- **Data records**
■ ■ ■ ■ ■ ■ ■
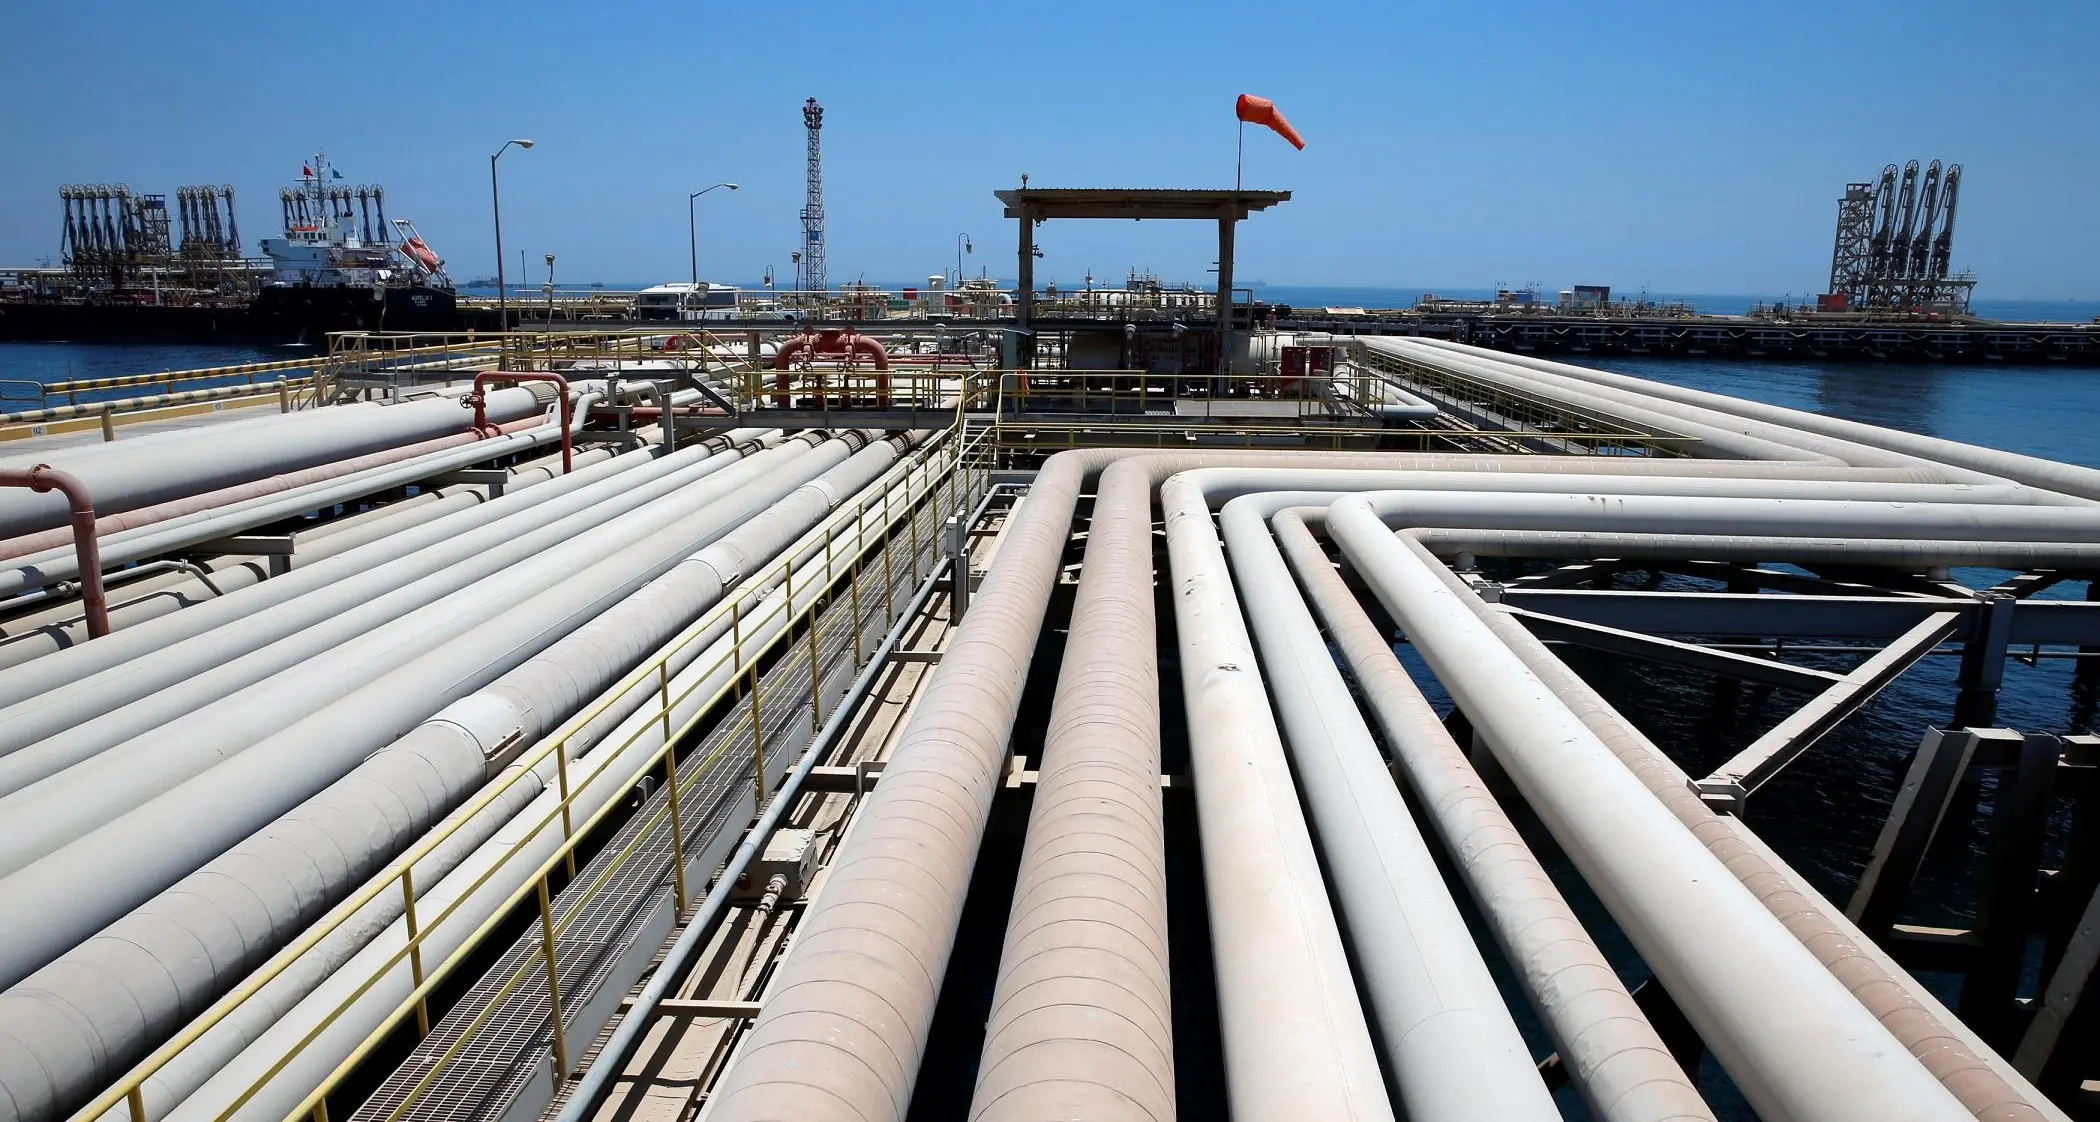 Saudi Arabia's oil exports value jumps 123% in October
■ ■ ■ ■ ■ ■ ■
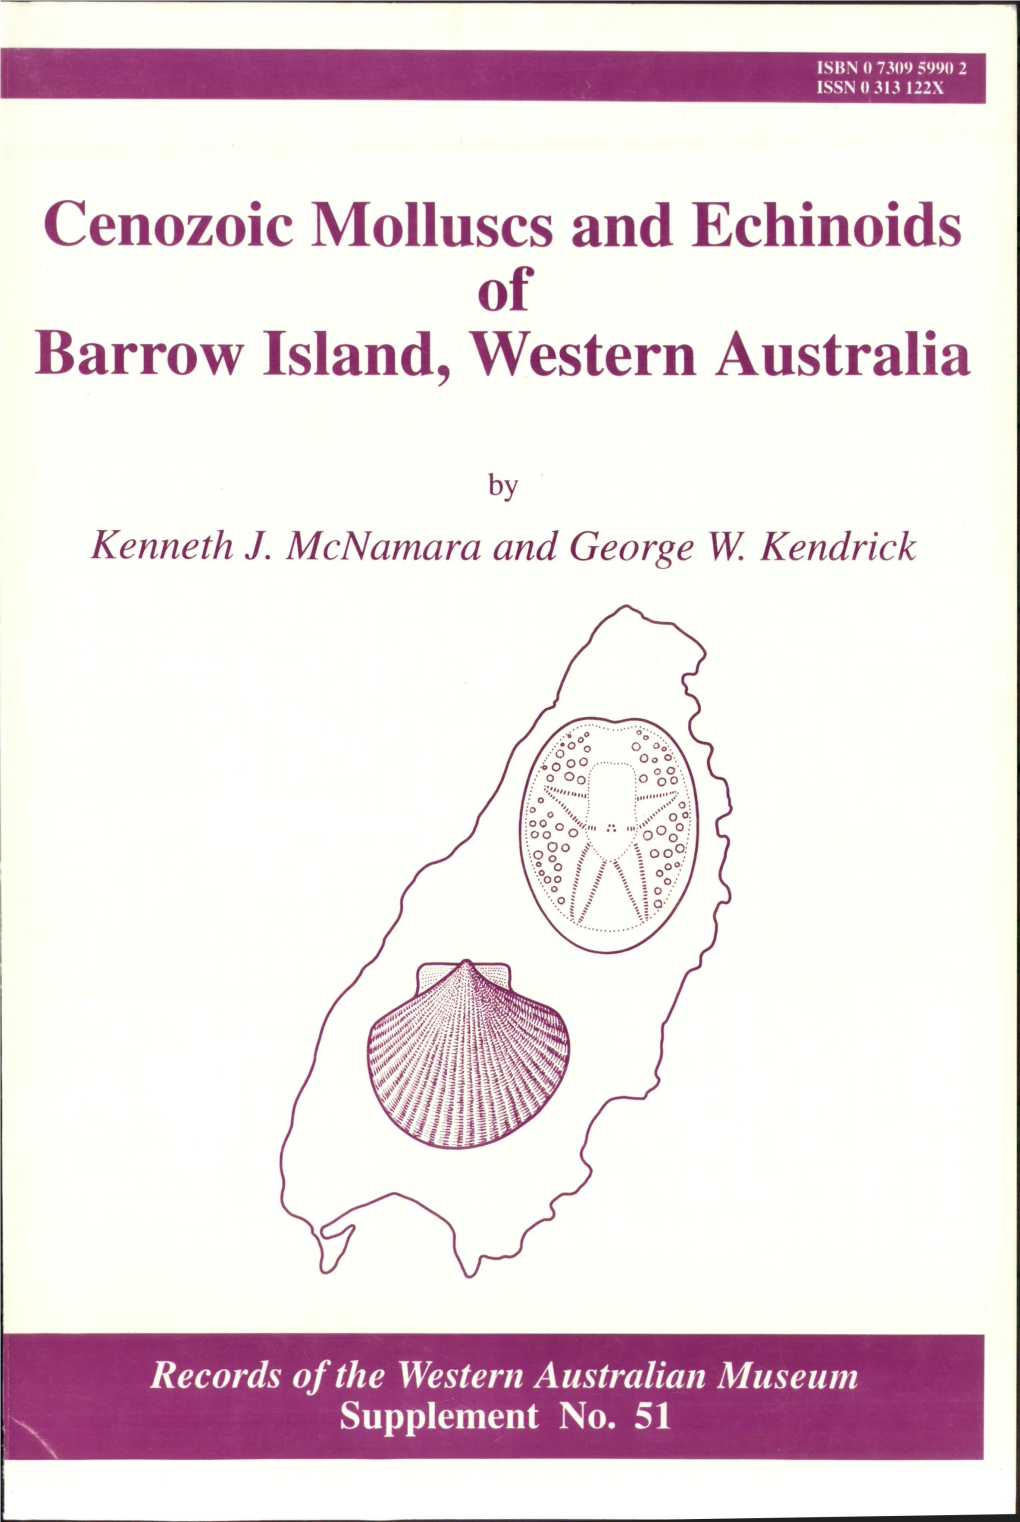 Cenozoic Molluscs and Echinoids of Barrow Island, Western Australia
■ ■ ■ ■ ■ ■ ■
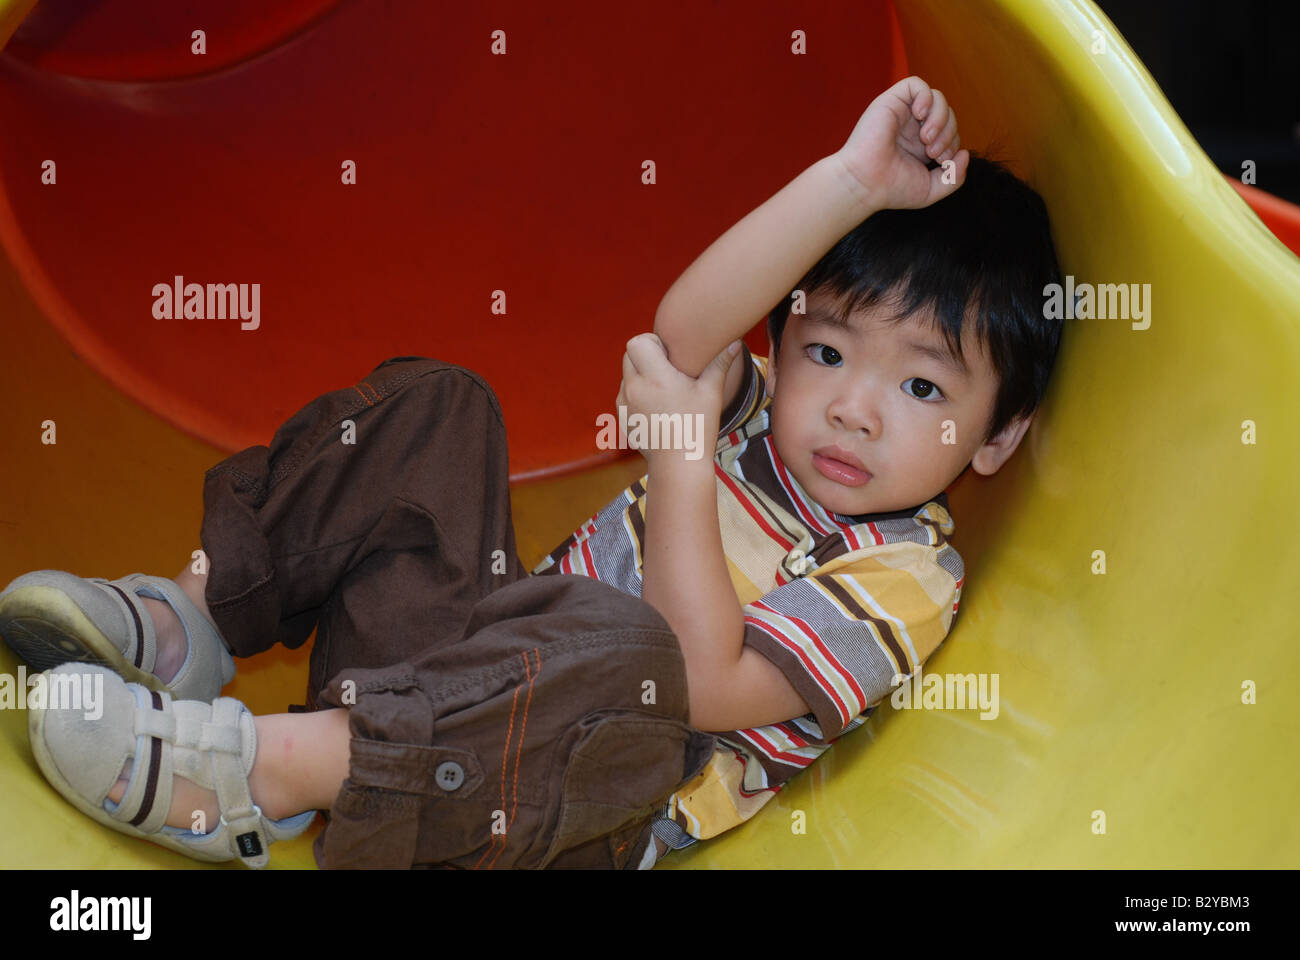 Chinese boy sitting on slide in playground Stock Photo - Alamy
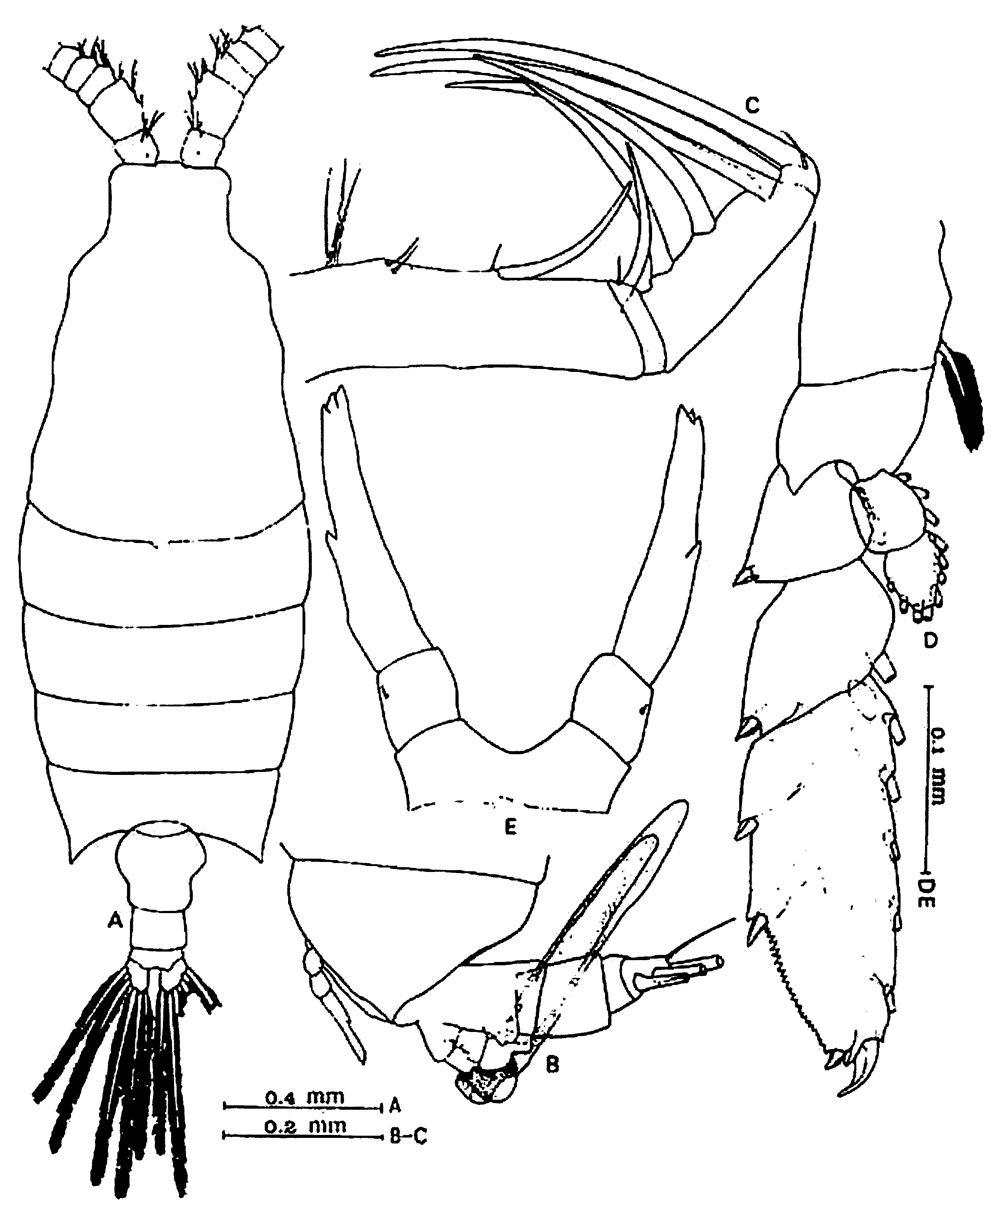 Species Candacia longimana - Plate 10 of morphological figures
■ ■ ■ ■ ■ ■ ■
- **Prompt**
Above are the records; copy from them only the lines starting at the one containing "Chinese boy sitting" and ending at the one containing "Species Candacia longimana", exactly and without pictures.

- **Response area**
 Chinese boy sitting on slide in playground Stock Photo - Alamy
 Species Candacia longimana - Plate 10 of morphological figures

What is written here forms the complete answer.